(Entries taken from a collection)
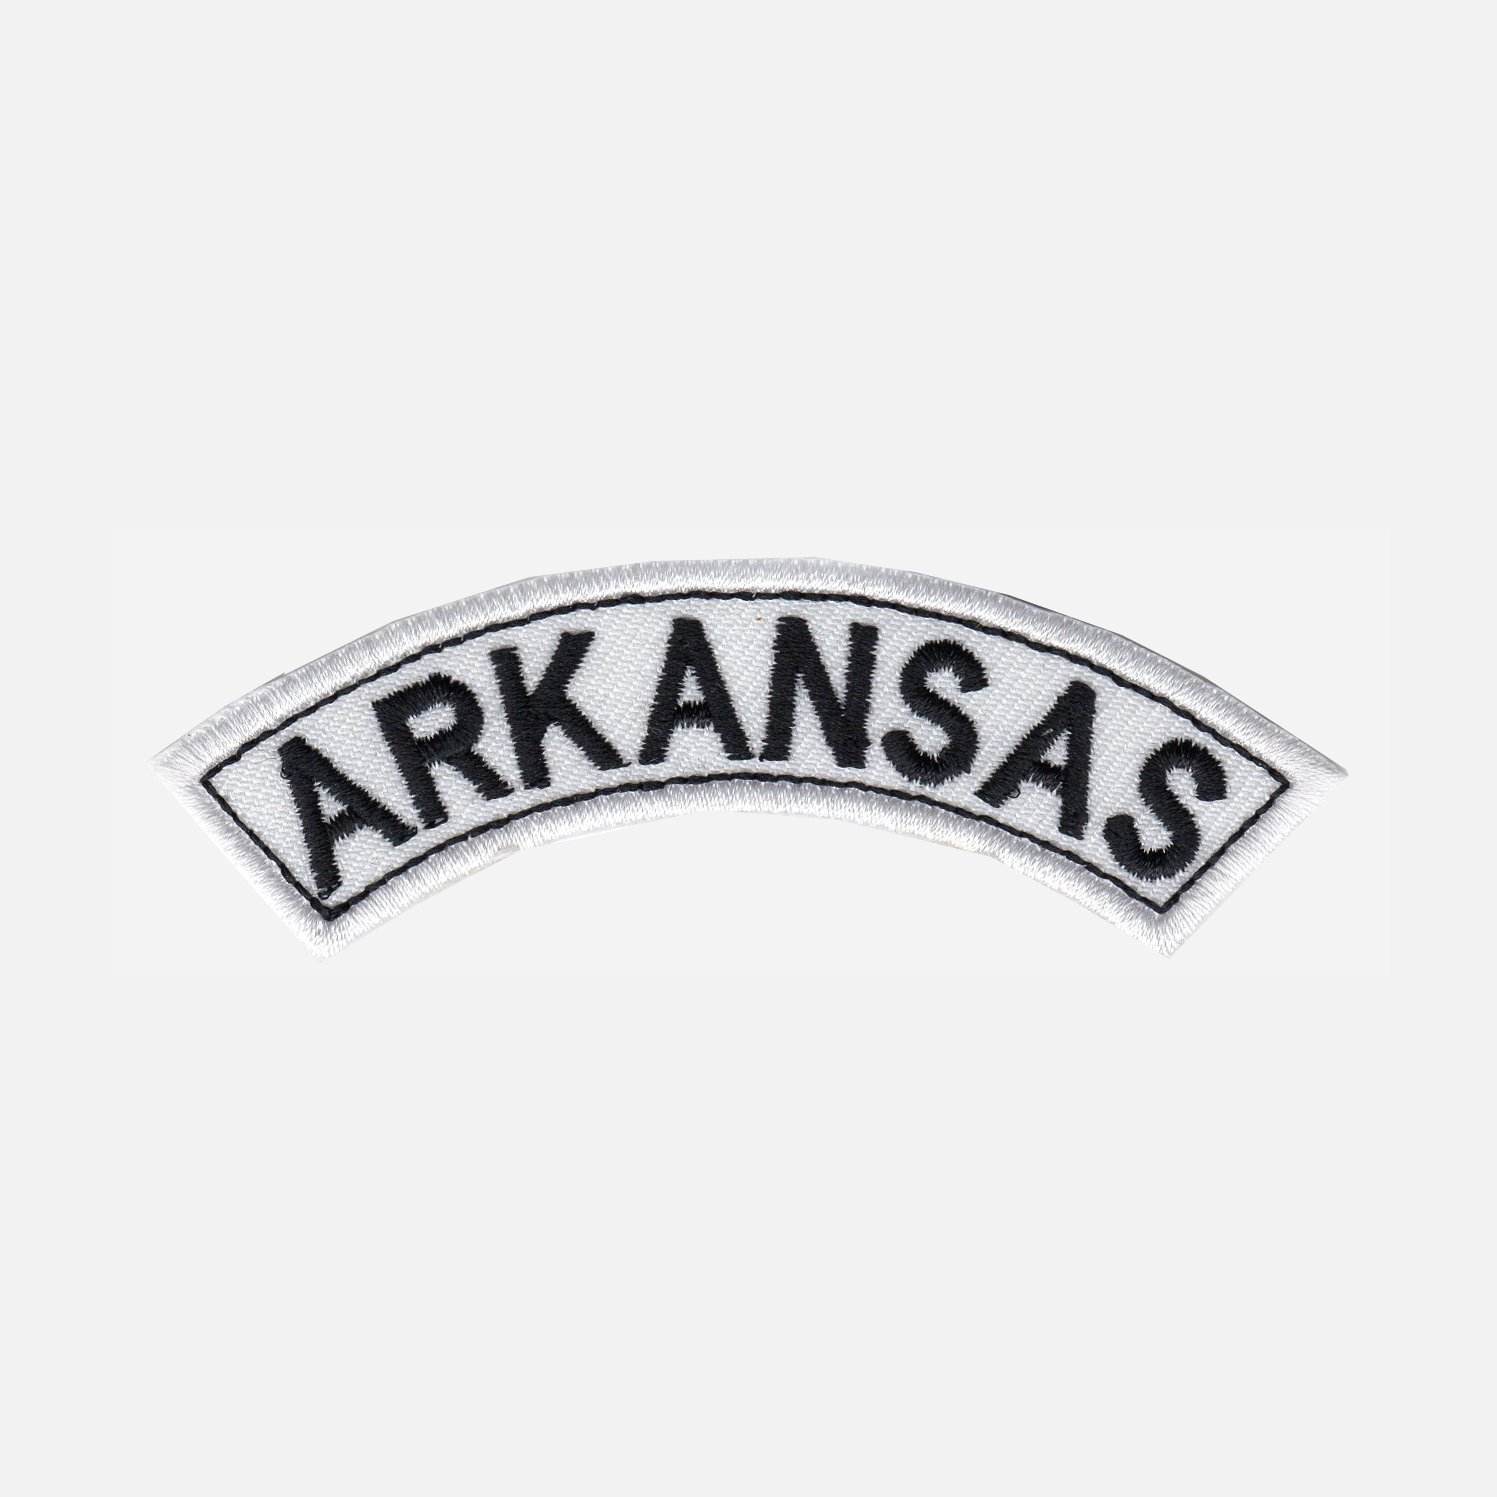 Arkansas Mini Top Rocker Embroidered Vest Patch
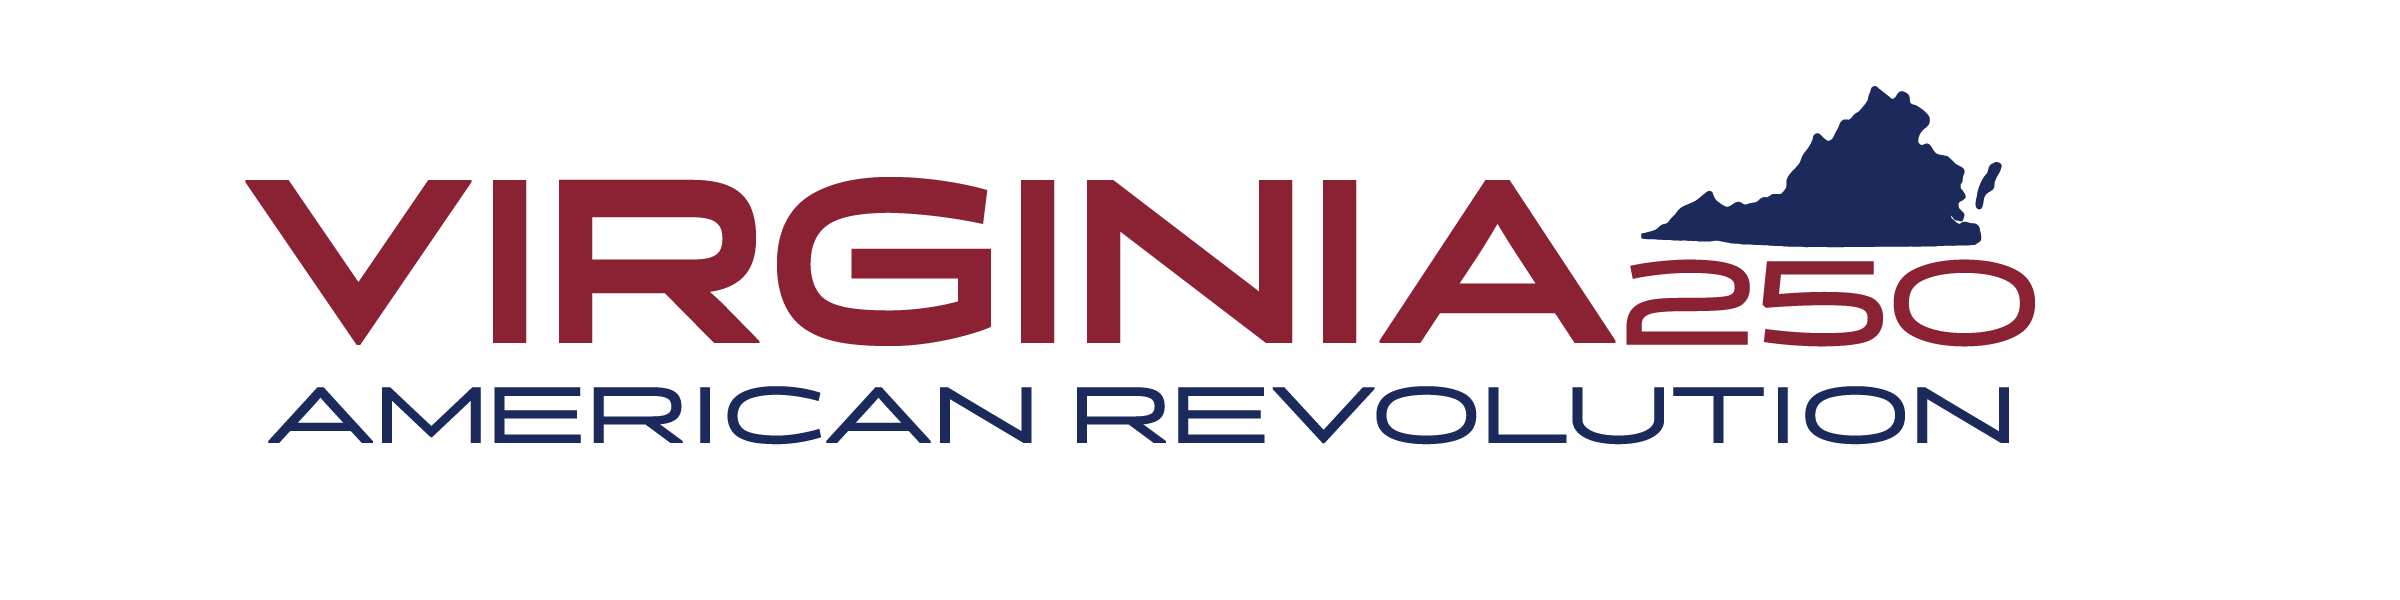 Virginia American Revolution 250 Commission logo
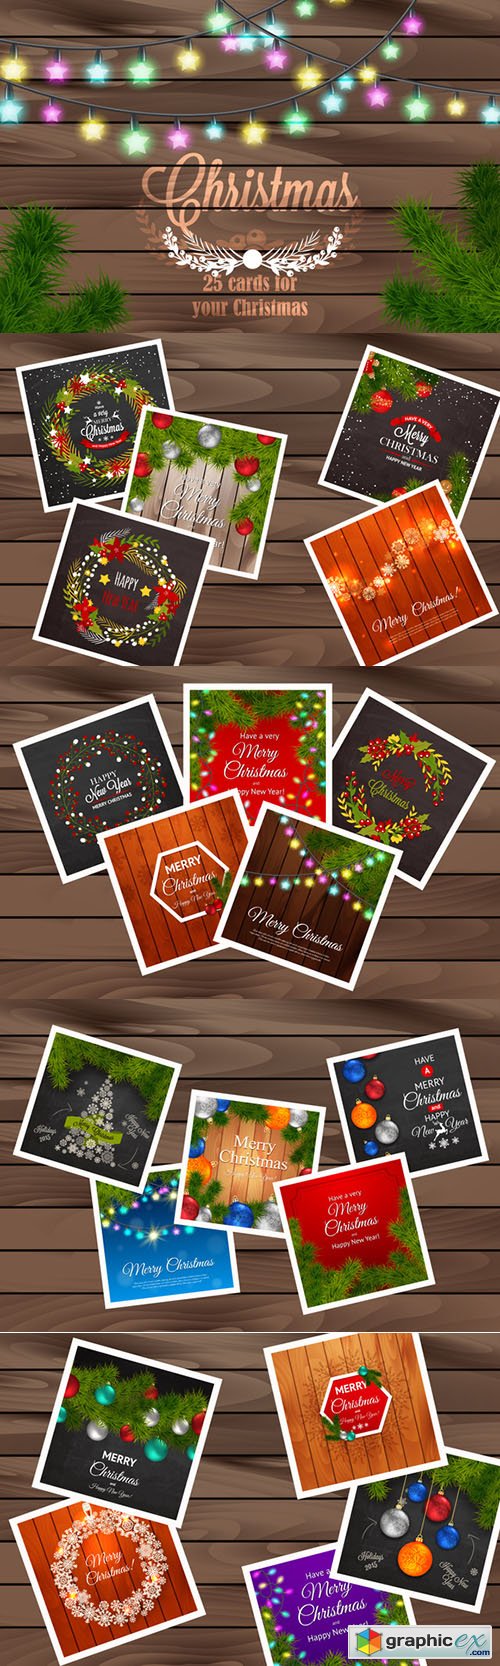  Set of 25 Christmas cards
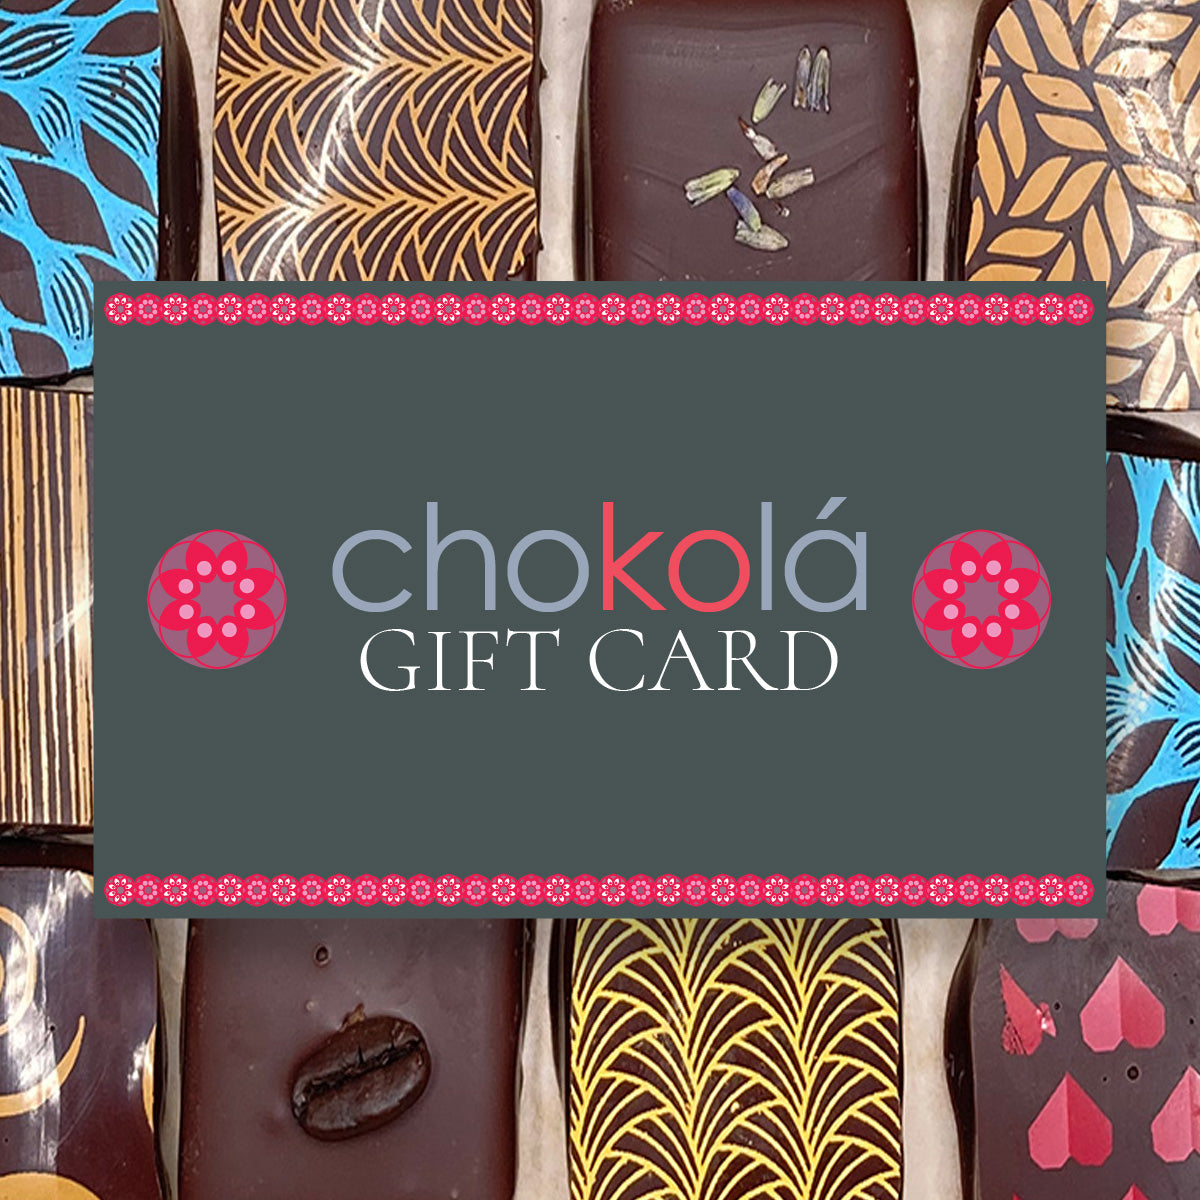 Chokola Gift Card
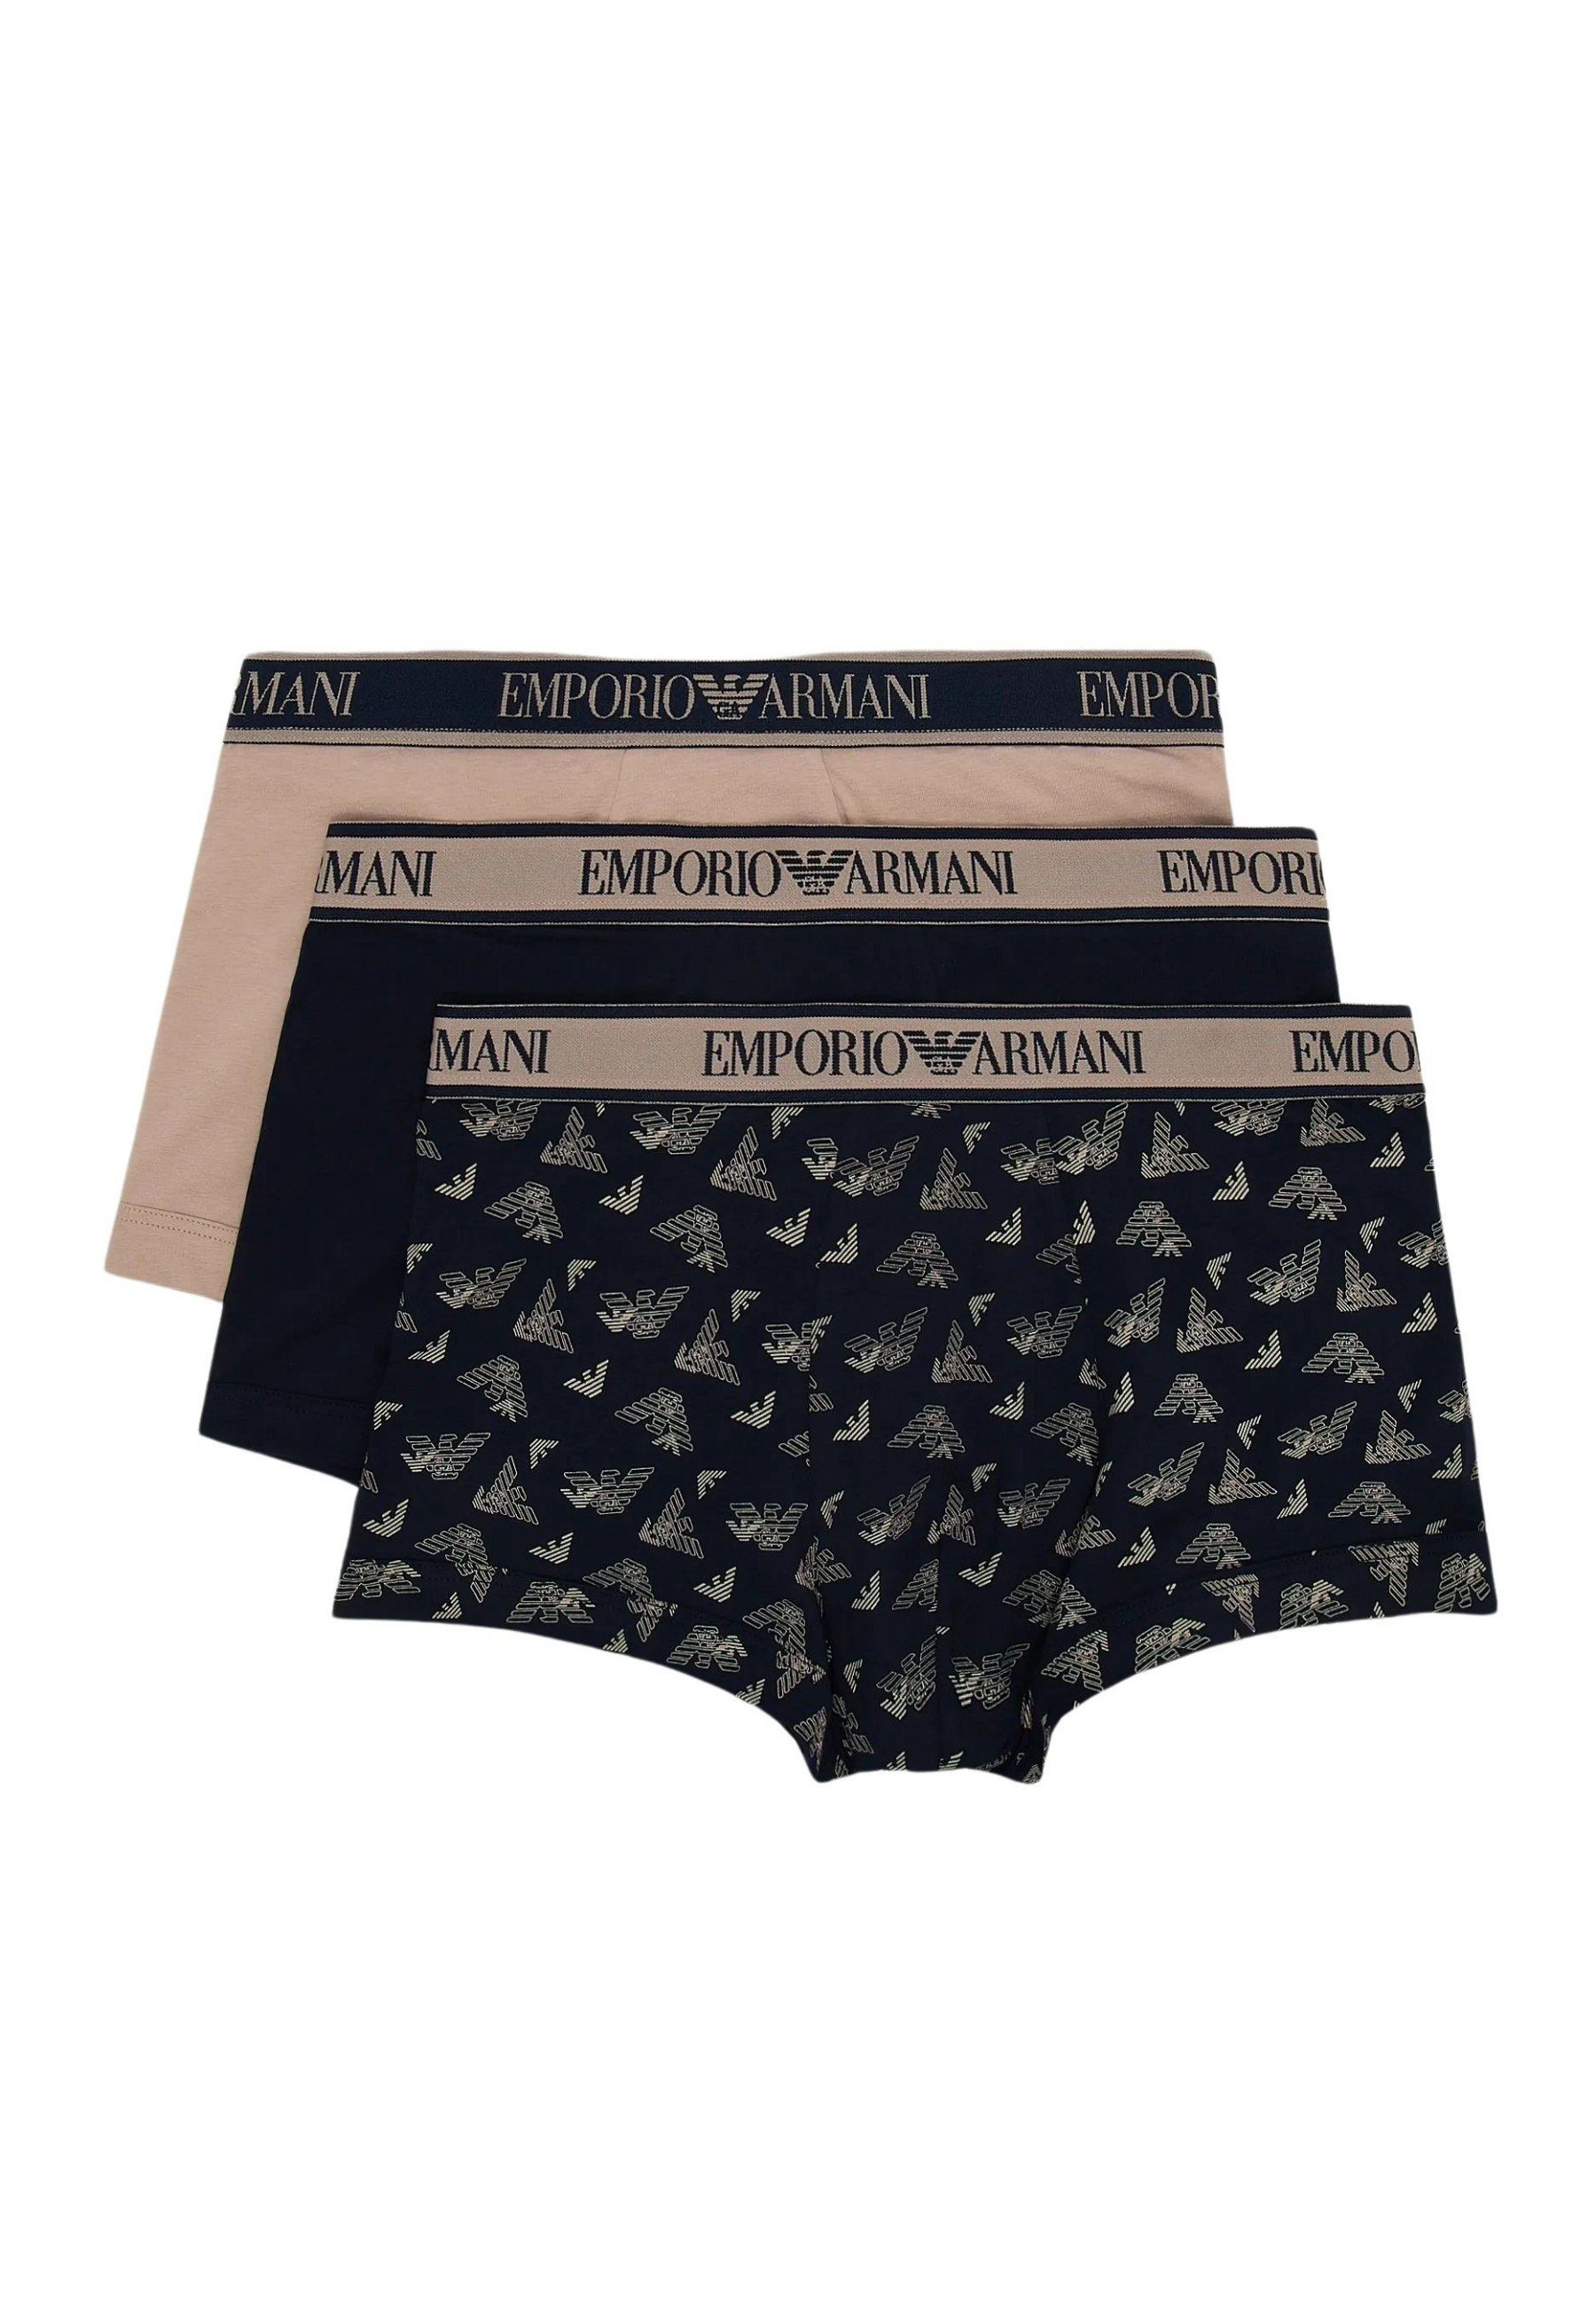 Knit Emporio Pack Armani Trunks 3 Shorts Beige/Marine (3-St) Boxershorts

*ABOUT THIS TASK*: In the answer, the lines from the one containing "Virginia American Revolution" to the end of the records above must be written out exactly, both ends included; the pictures must not appear.

*OUTPUT FOR THIS TASK*:
 Virginia American Revolution 250 Commission logo
  Set of 25 Christmas cards
 Chokola Gift Card
 Knit Emporio Pack Armani Trunks 3 Shorts Beige/Marine (3-St) Boxershorts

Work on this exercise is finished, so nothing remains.